*** Block opens ***

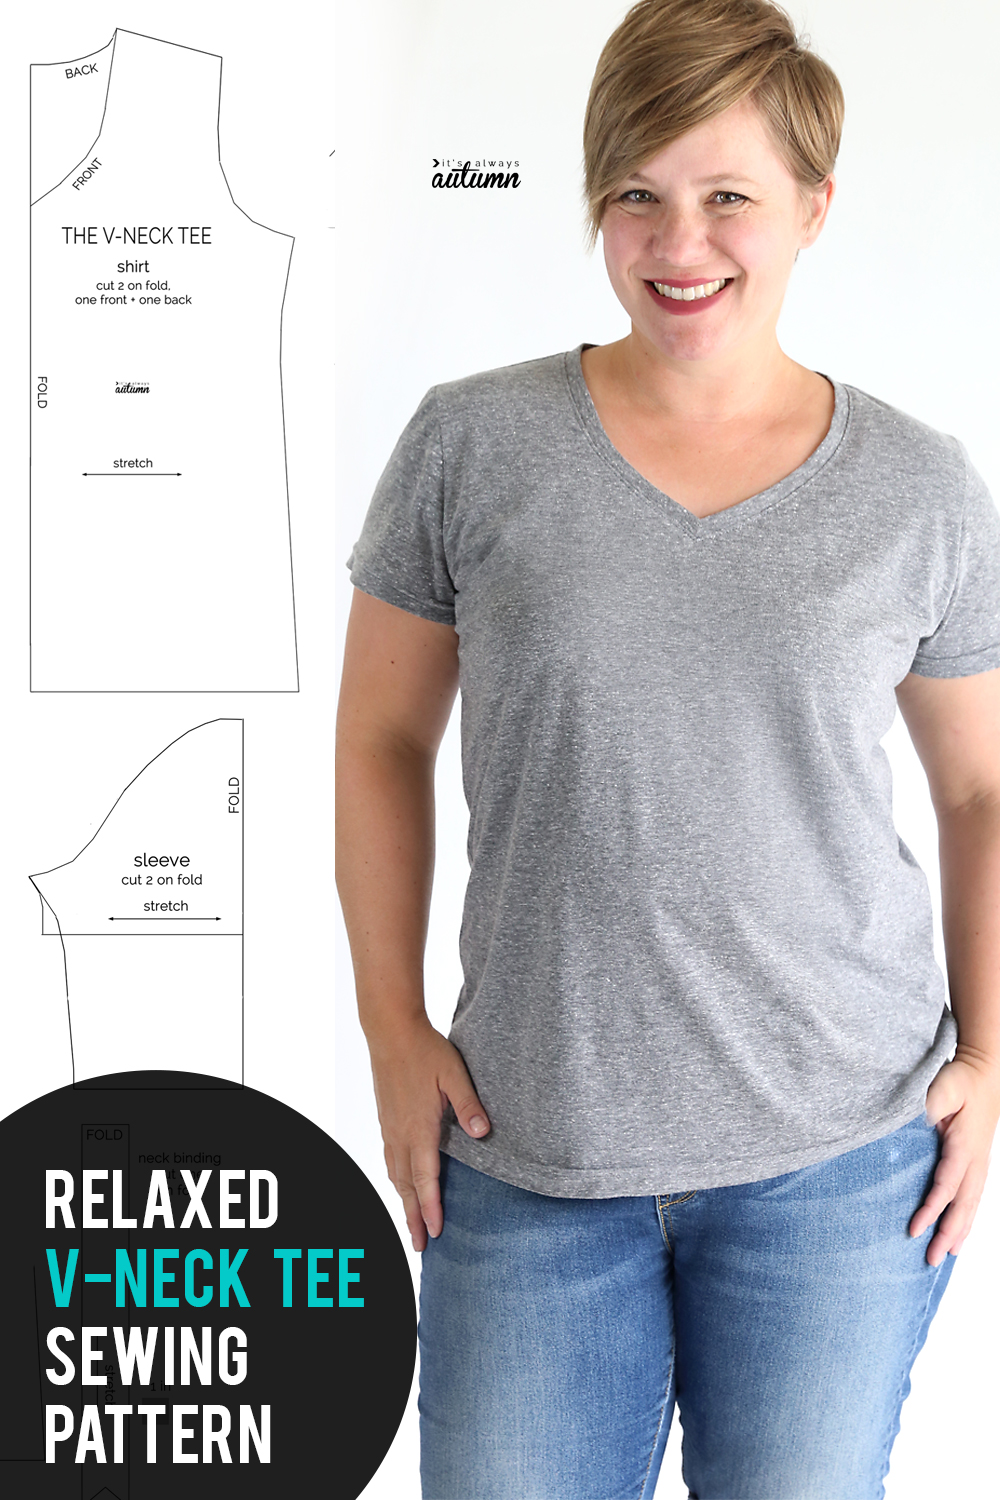 Easy Cut Out Shirts  DIY T-Shirt Cutting Tutorials, No Sewing 
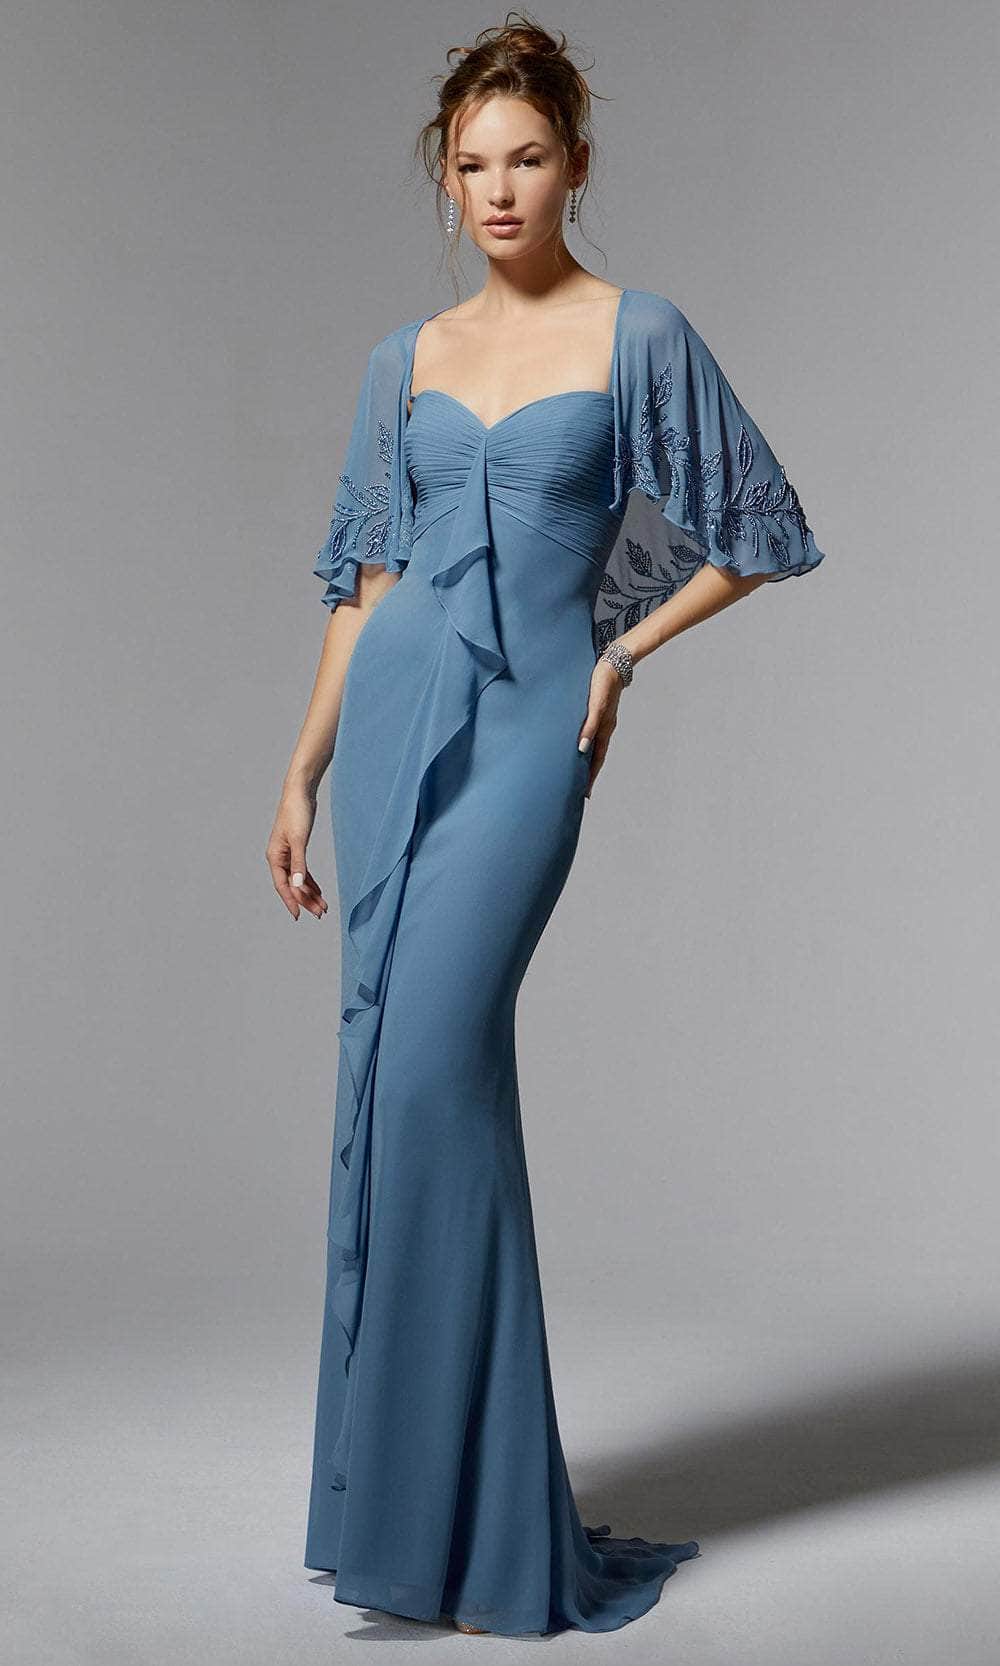 Image of MGNY By Mori Lee 72901 - Empire Waist Evening Dress
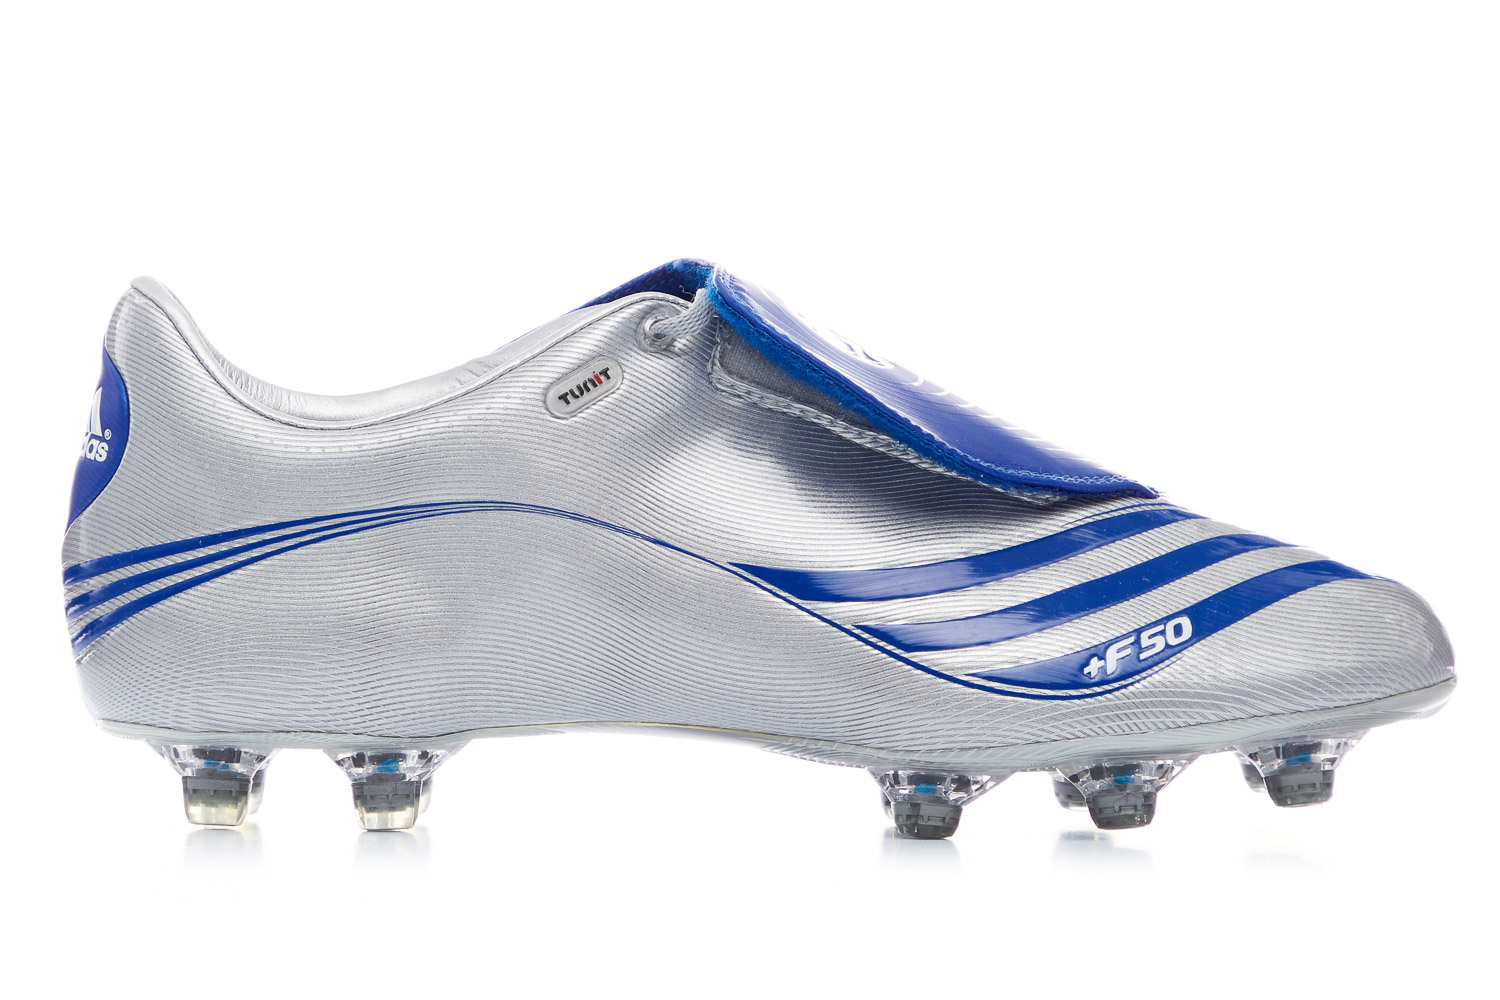 2007 adidas +F50.7 Tunit Football Boots *In Box* FG
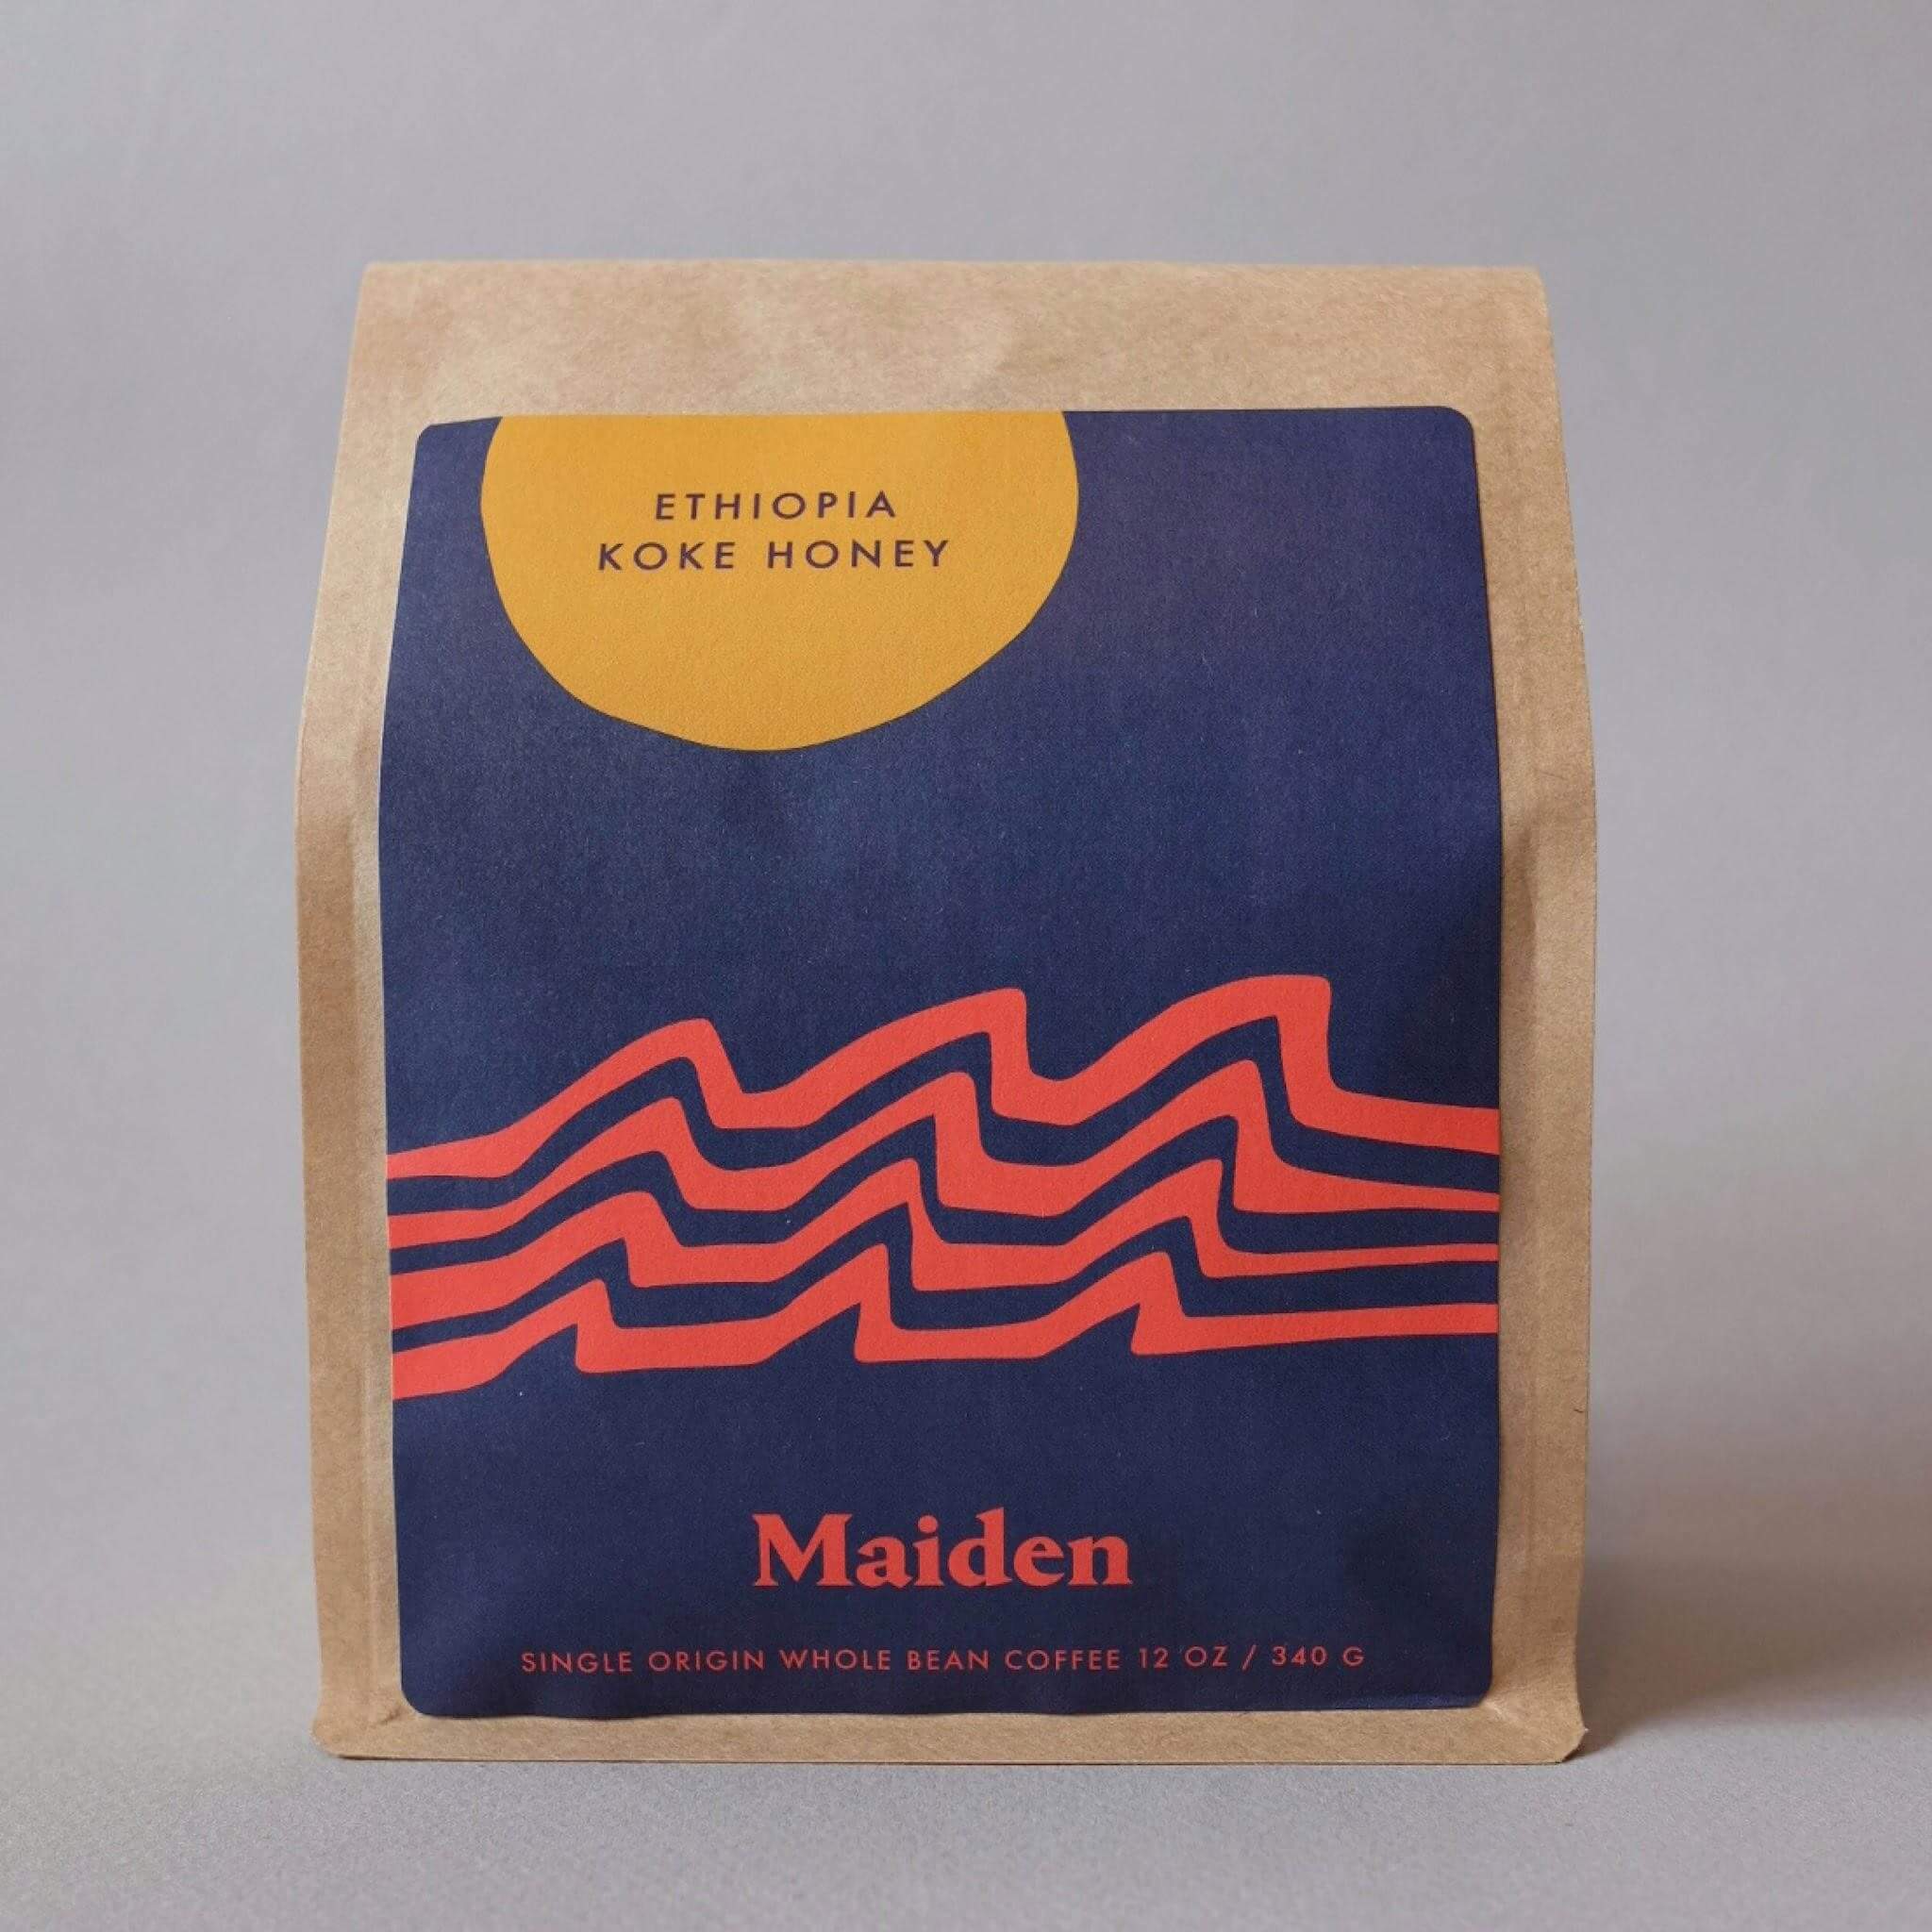 Maiden Coffee Roasters Coffee bags

*** Block closes ***

(EXERCISE REQUIREMENTS) Set down the material above exactly as it reads, but not its pictures.

(YOUR RESPONSE)
 Easy Cut Out Shirts  DIY T-Shirt Cutting Tutorials, No Sewing 
 Image of MGNY By Mori Lee 72901 - Empire Waist Evening Dress
 2007 adidas +F50.7 Tunit Football Boots *In Box* FG
 Maiden Coffee Roasters Coffee bags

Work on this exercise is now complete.